▶ WORK TO COMPLETE: Word for word, copy the lines from the one with "THE A.T.G TRACK PANTS - BLACK" to the last line of the data below, counting both, and keep every picture out.

▶ DATA SHOWN:
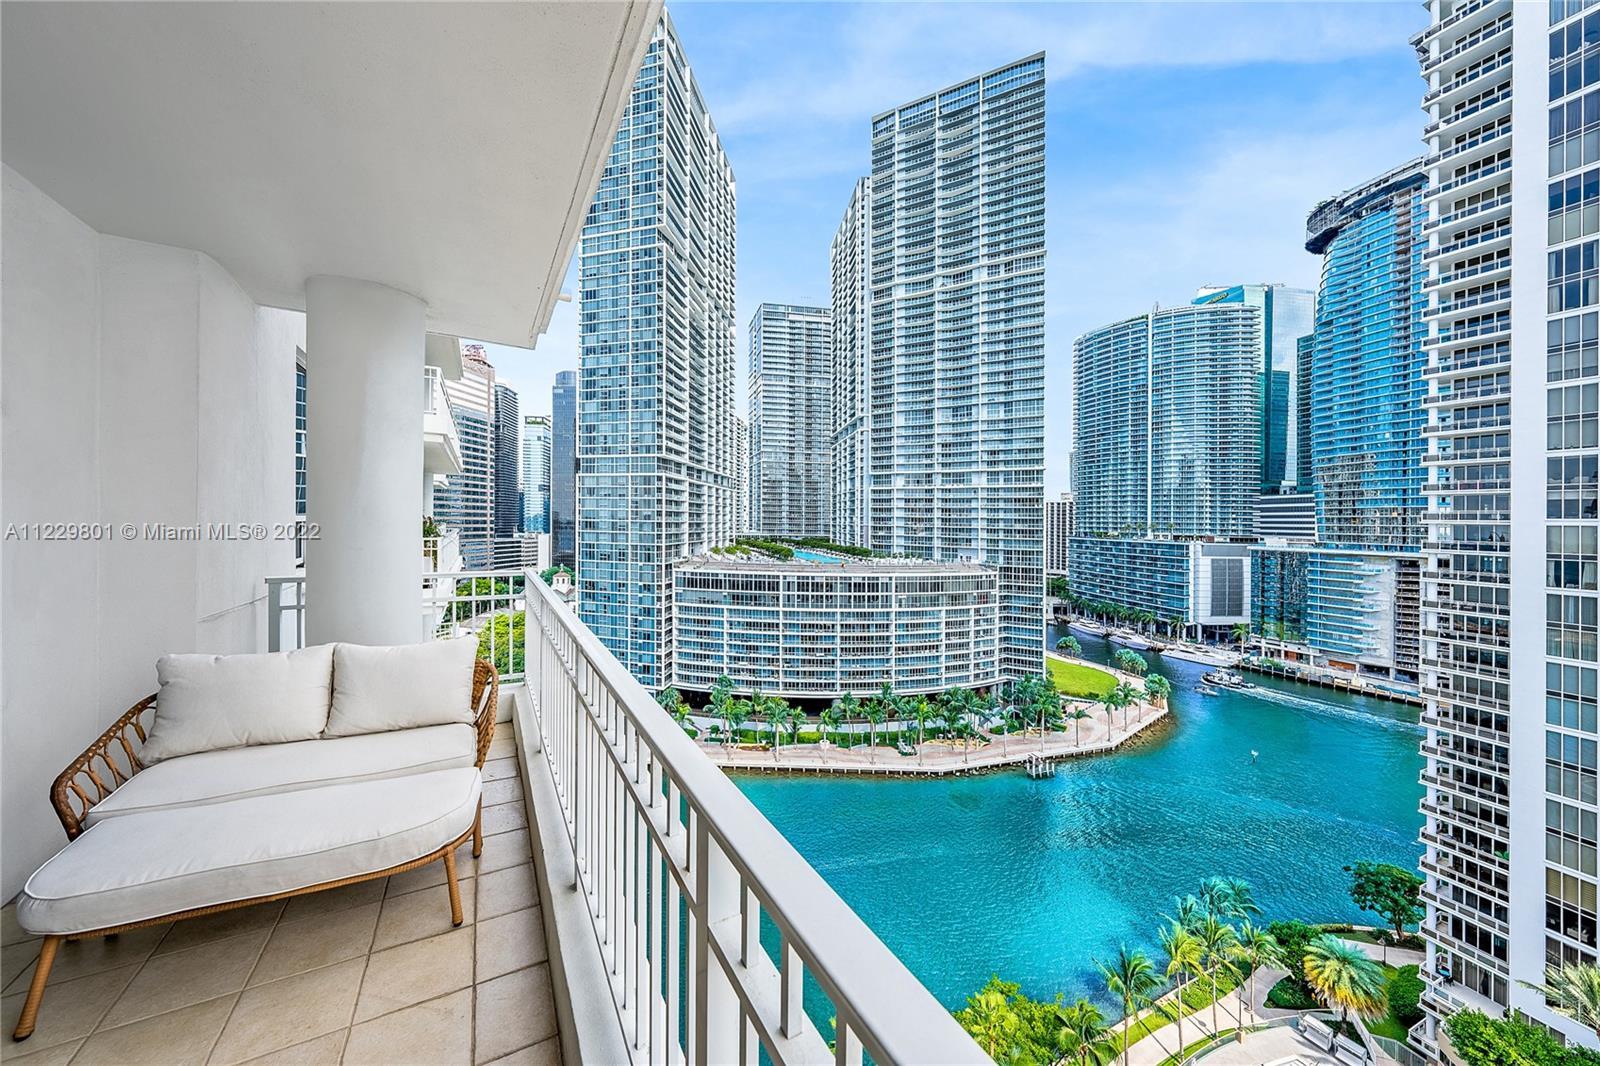 Beautiful 1 bedroom, 1.5 bath in the prestigious Courts, one of the best buildings of Brickell Key. 
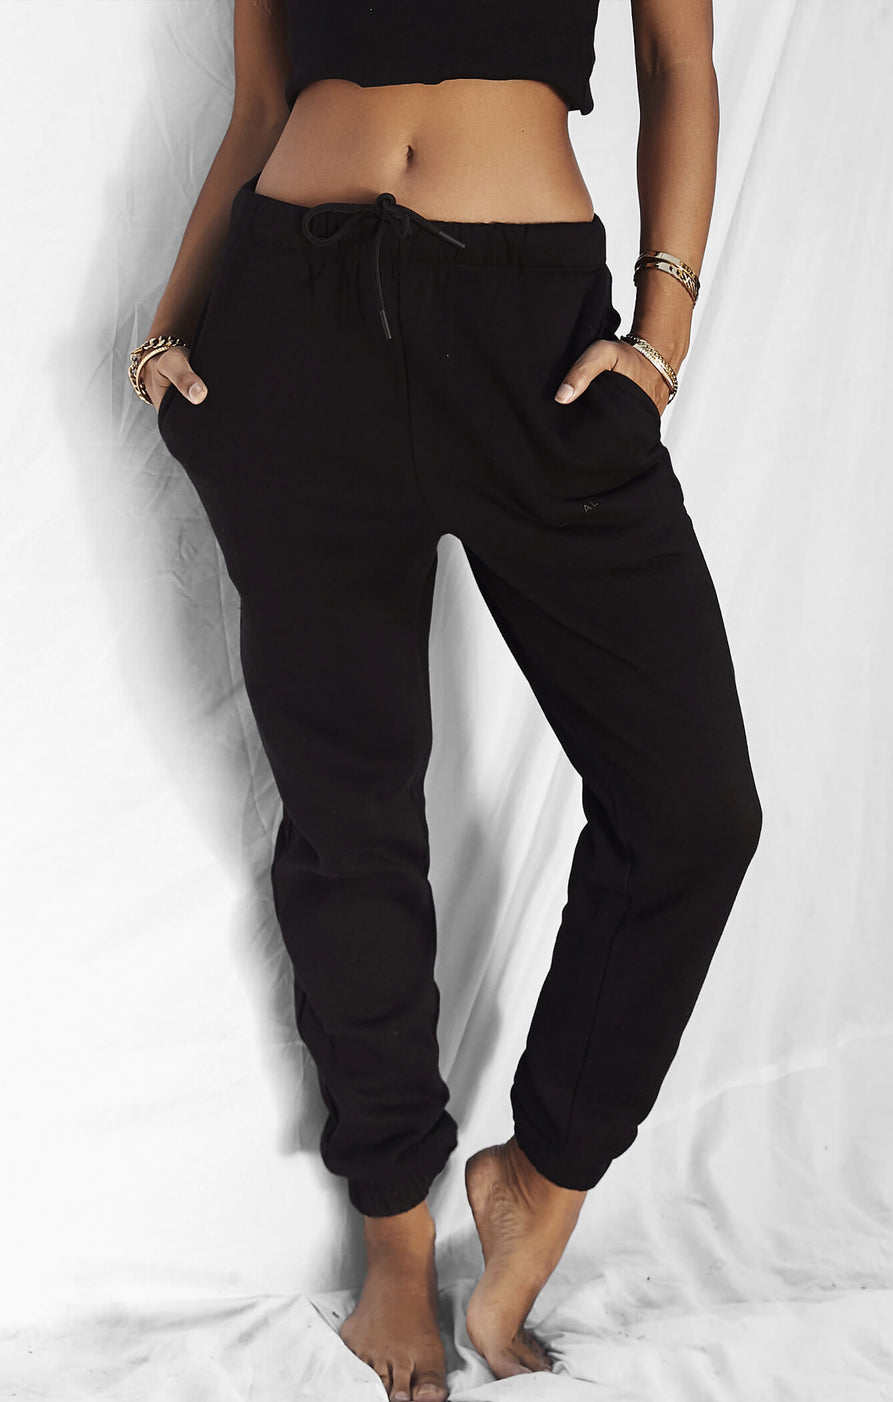 THE A.T.G TRACK PANTS - BLACK
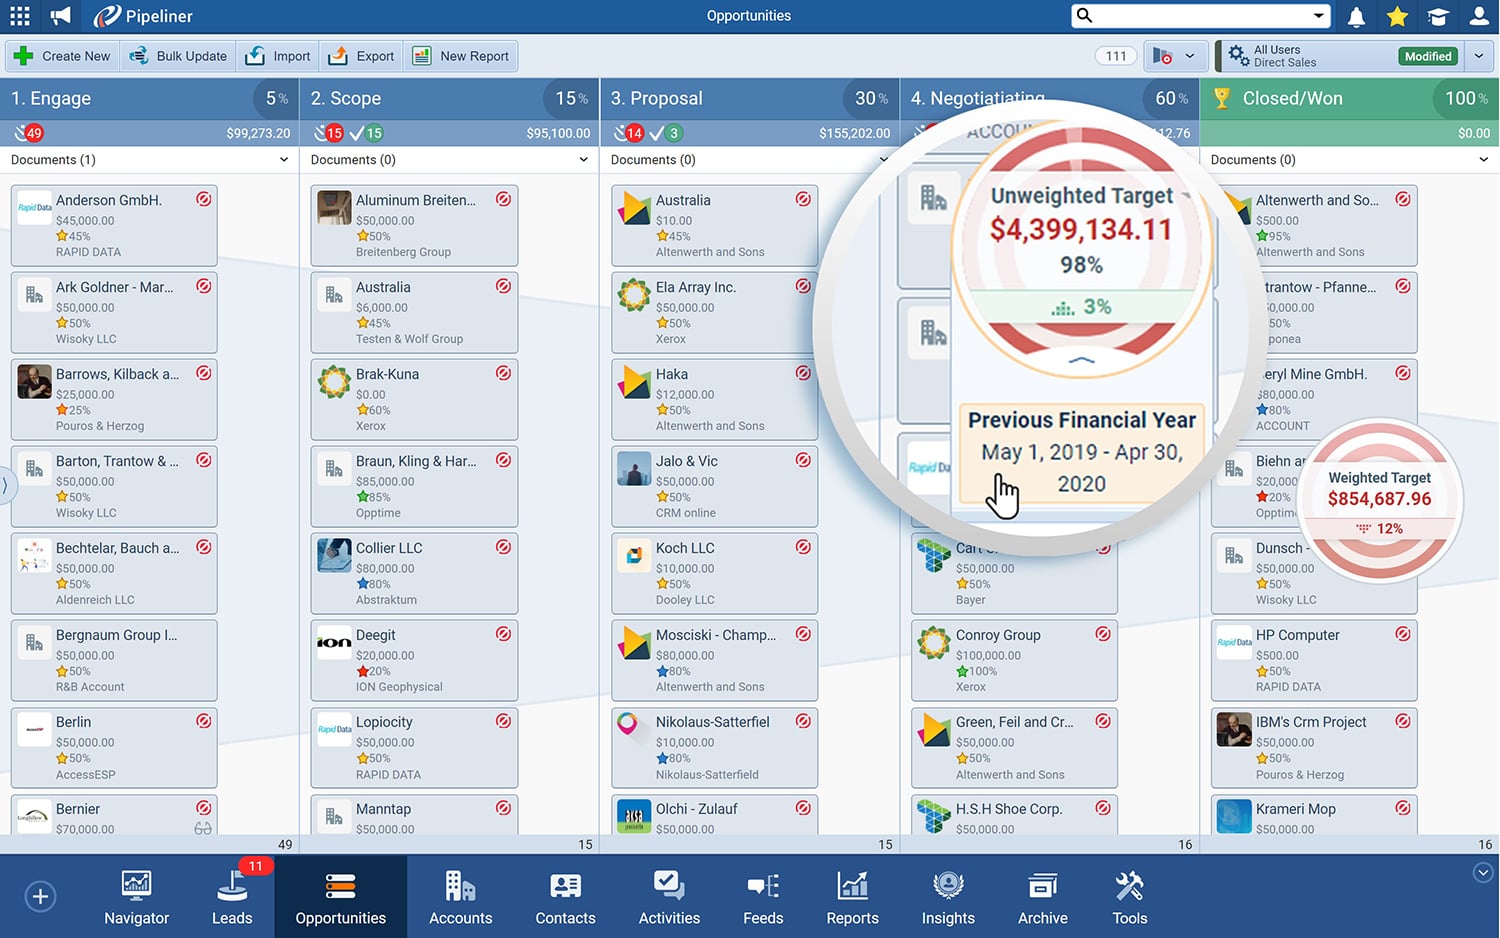 primary lagging indicators are targets seen in Pipeliner CRM
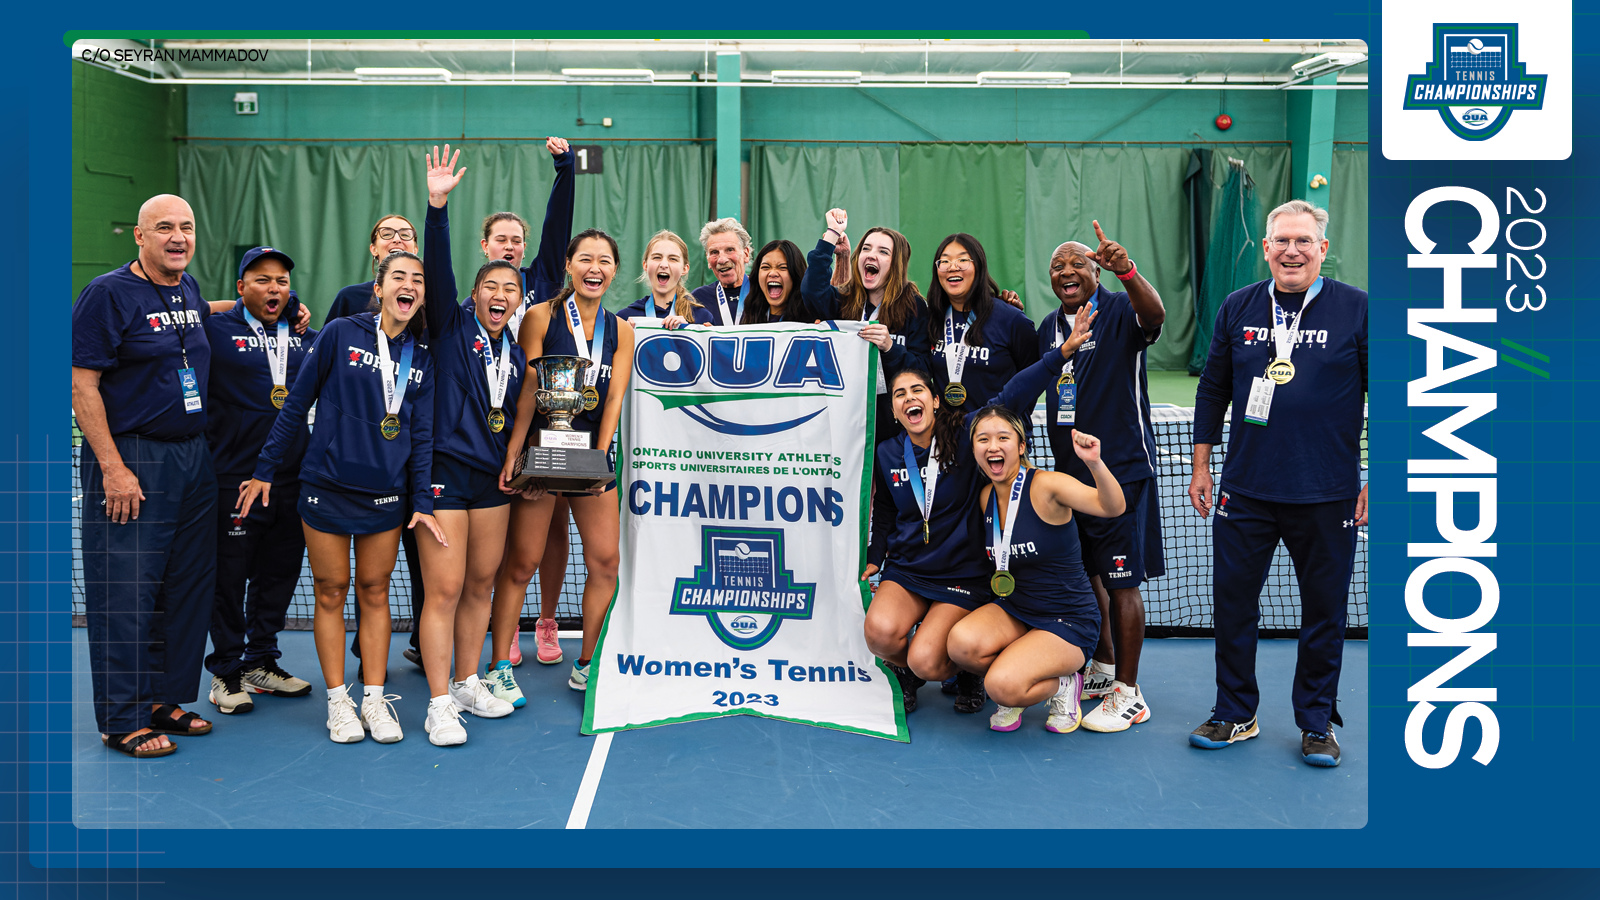 Predominantly blue graphic covered mostly by 2023 OUA Women's Tennis Championship banner photo, with the corresponding championship logo and white text reading '2023 Champions' on the right side

▶ EXPECTED OUTPUT:
 THE A.T.G TRACK PANTS - BLACK
 primary lagging indicators are targets seen in Pipeliner CRM
 Predominantly blue graphic covered mostly by 2023 OUA Women's Tennis Championship banner photo, with the corresponding championship logo and white text reading '2023 Champions' on the right side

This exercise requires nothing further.